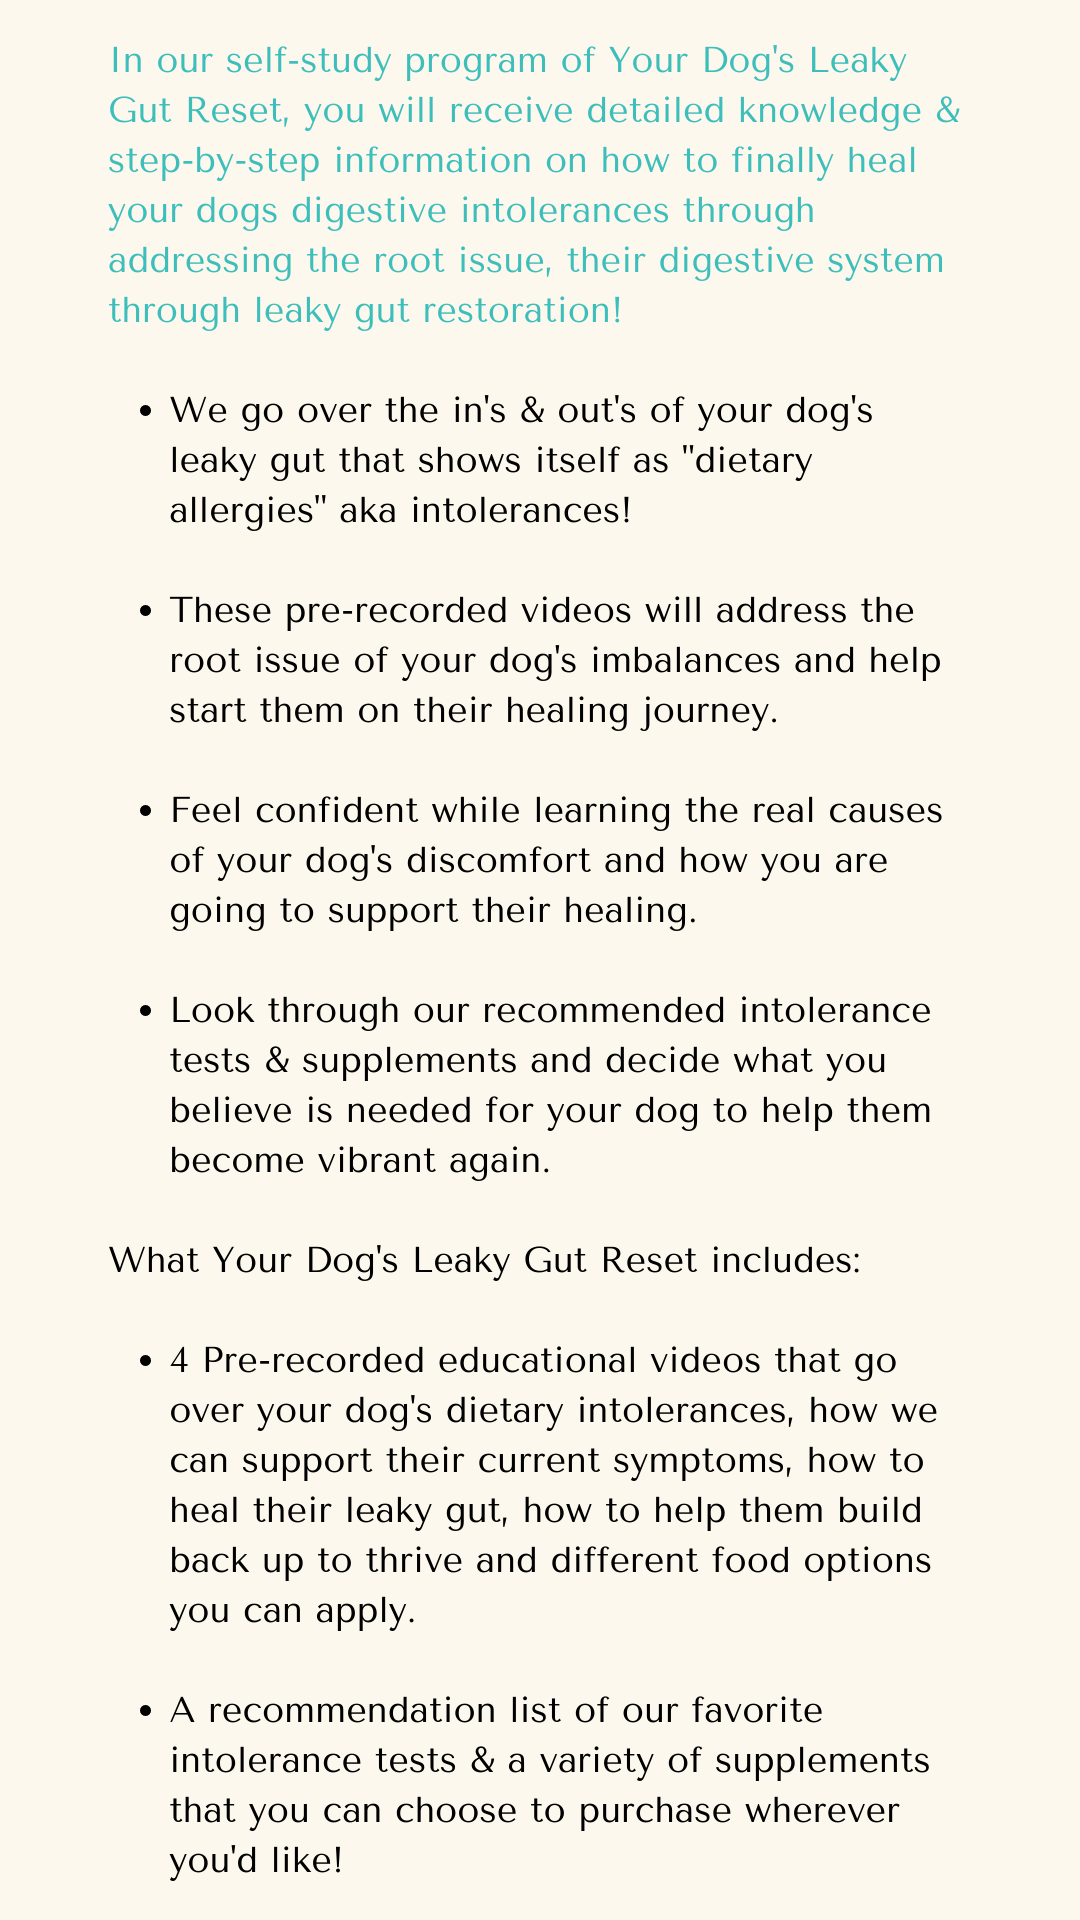 Your dog&#39;s leaky gut protocol information what comes with your healing videos
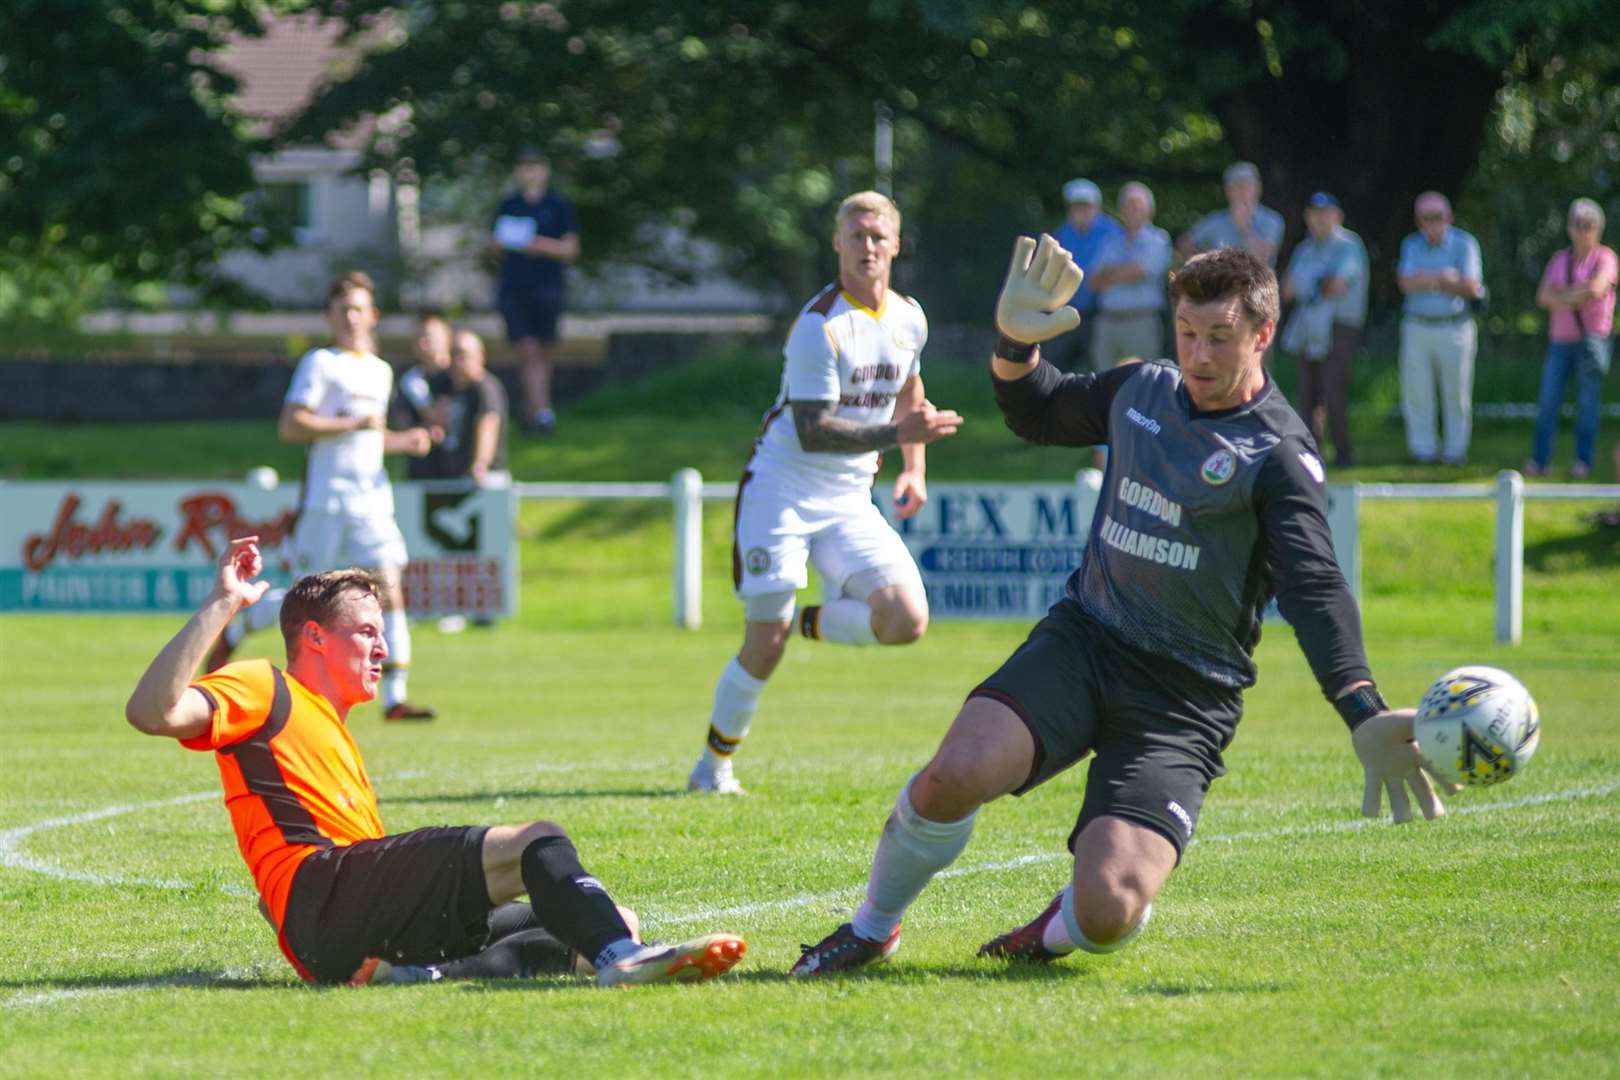 Rothes forward Steven Anderson forces a good save from Forres Mechanics' keeper Stuart Knight as Forres lose 4-1 at Rothes. Picture: Daniel Forsyth
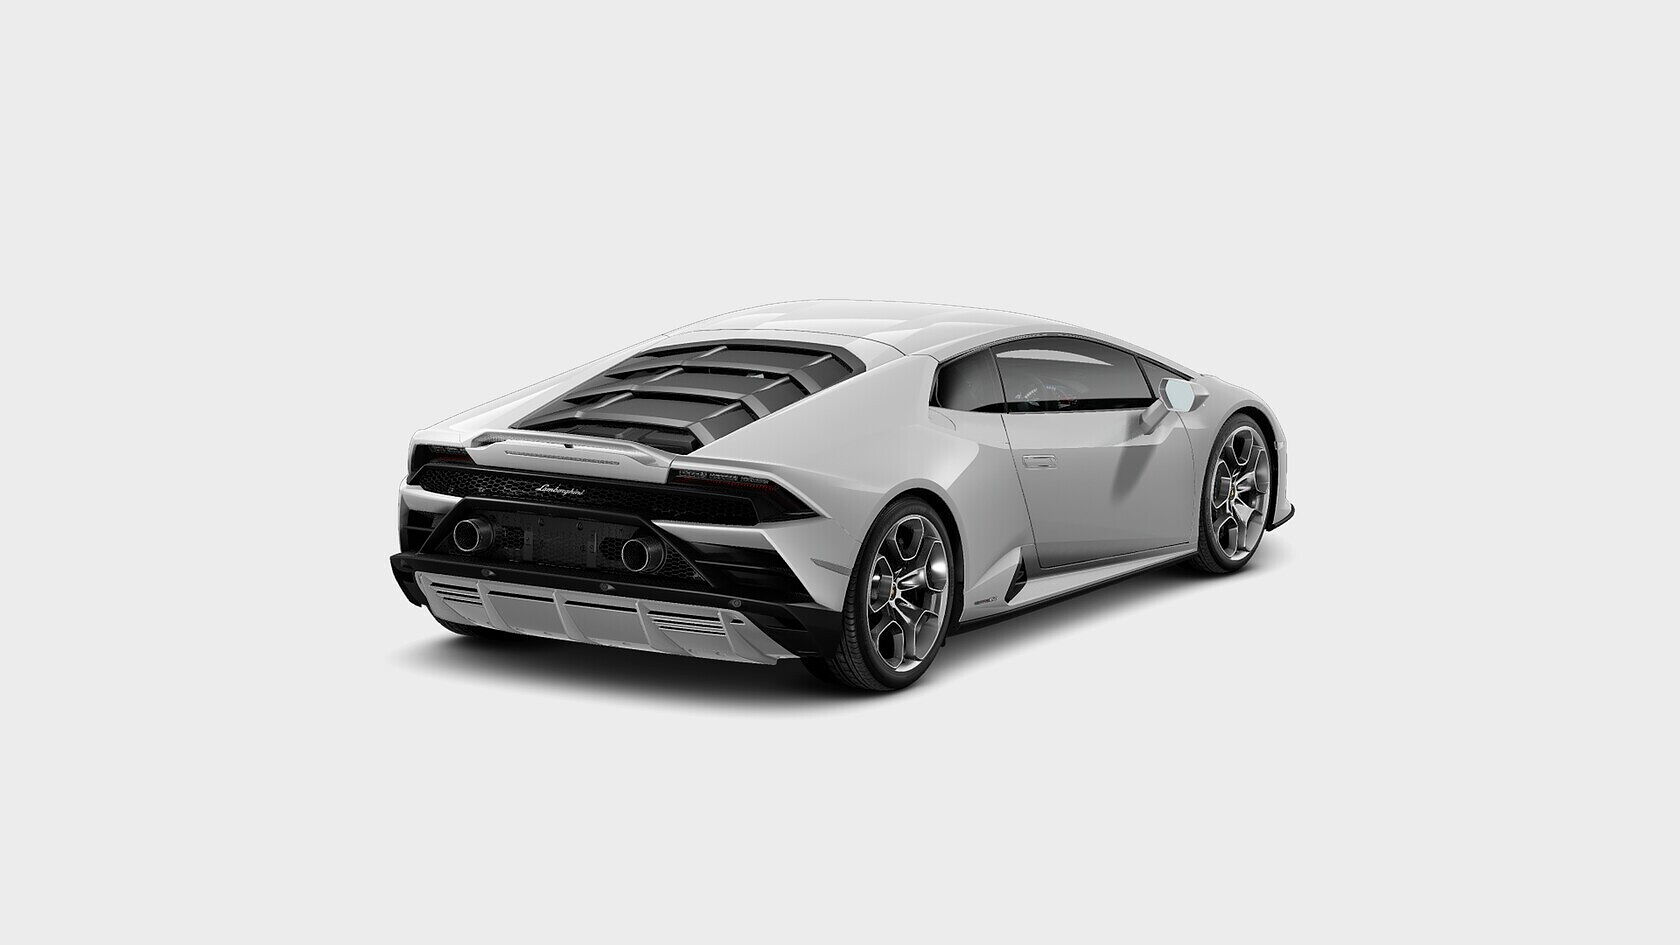 Lamborghini Huracan  Reviews, price and specs on all variations
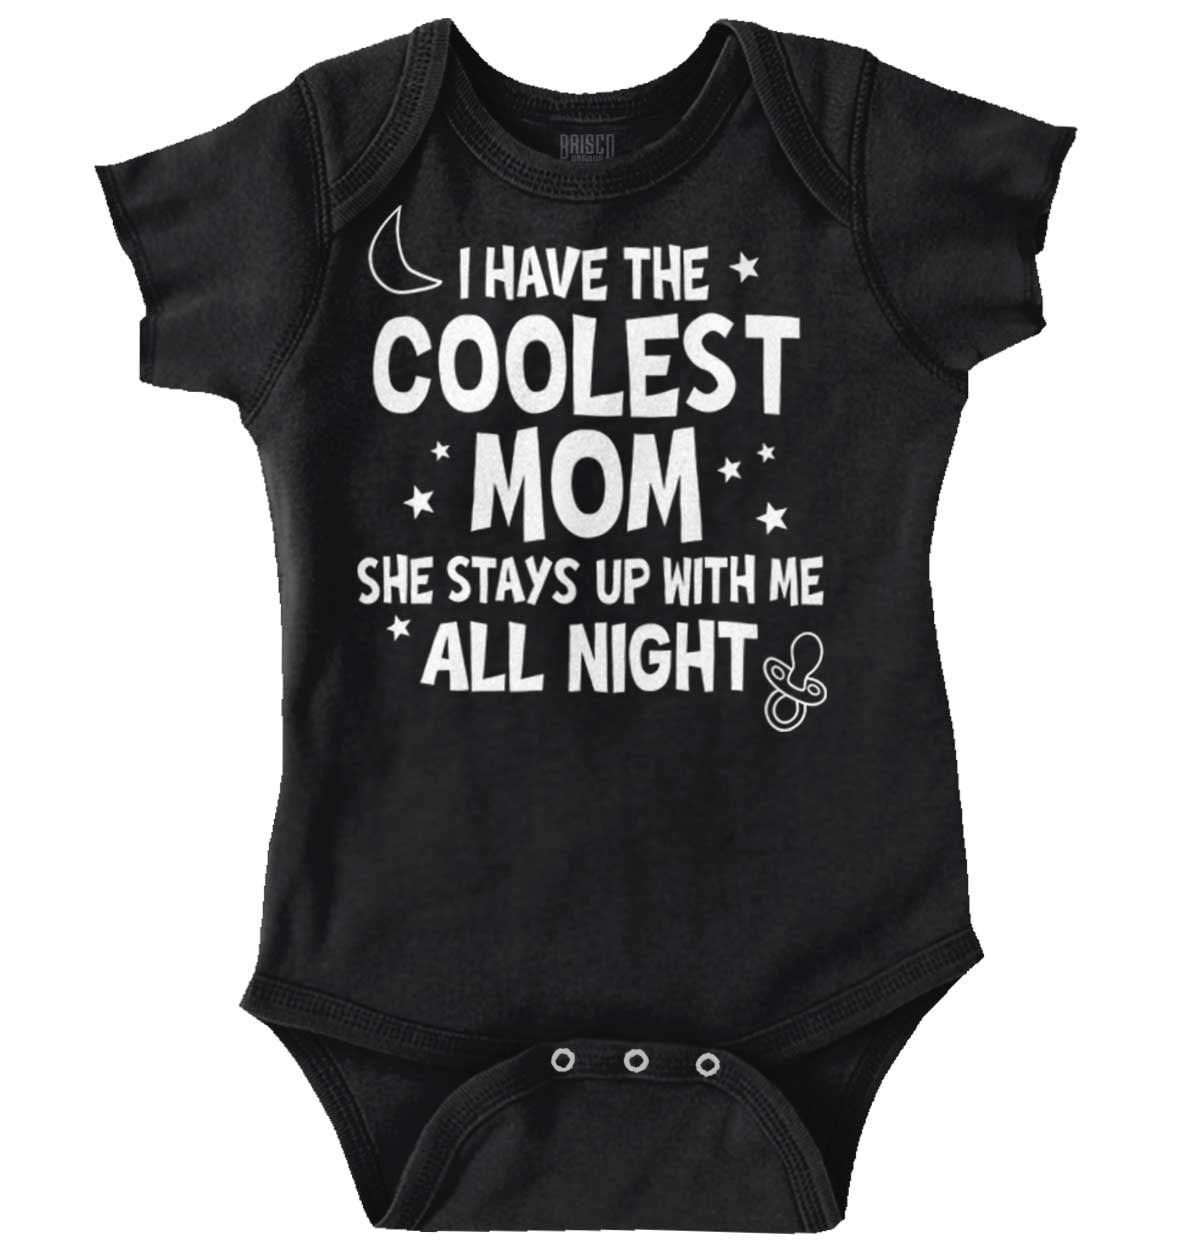 I Came From NUTTIN’ baby onesie
━━━━━━━━━━
* [ACTIVITY]:
The lines from the one containing "on all variations" through the end of the data above are to be copied exactly, both ends included, and pictures are to be omitted.

* [ANSWER SECTION]:
 Lamborghini Huracan  Reviews, price and specs on all variations
 I Came From NUTTIN’ baby onesie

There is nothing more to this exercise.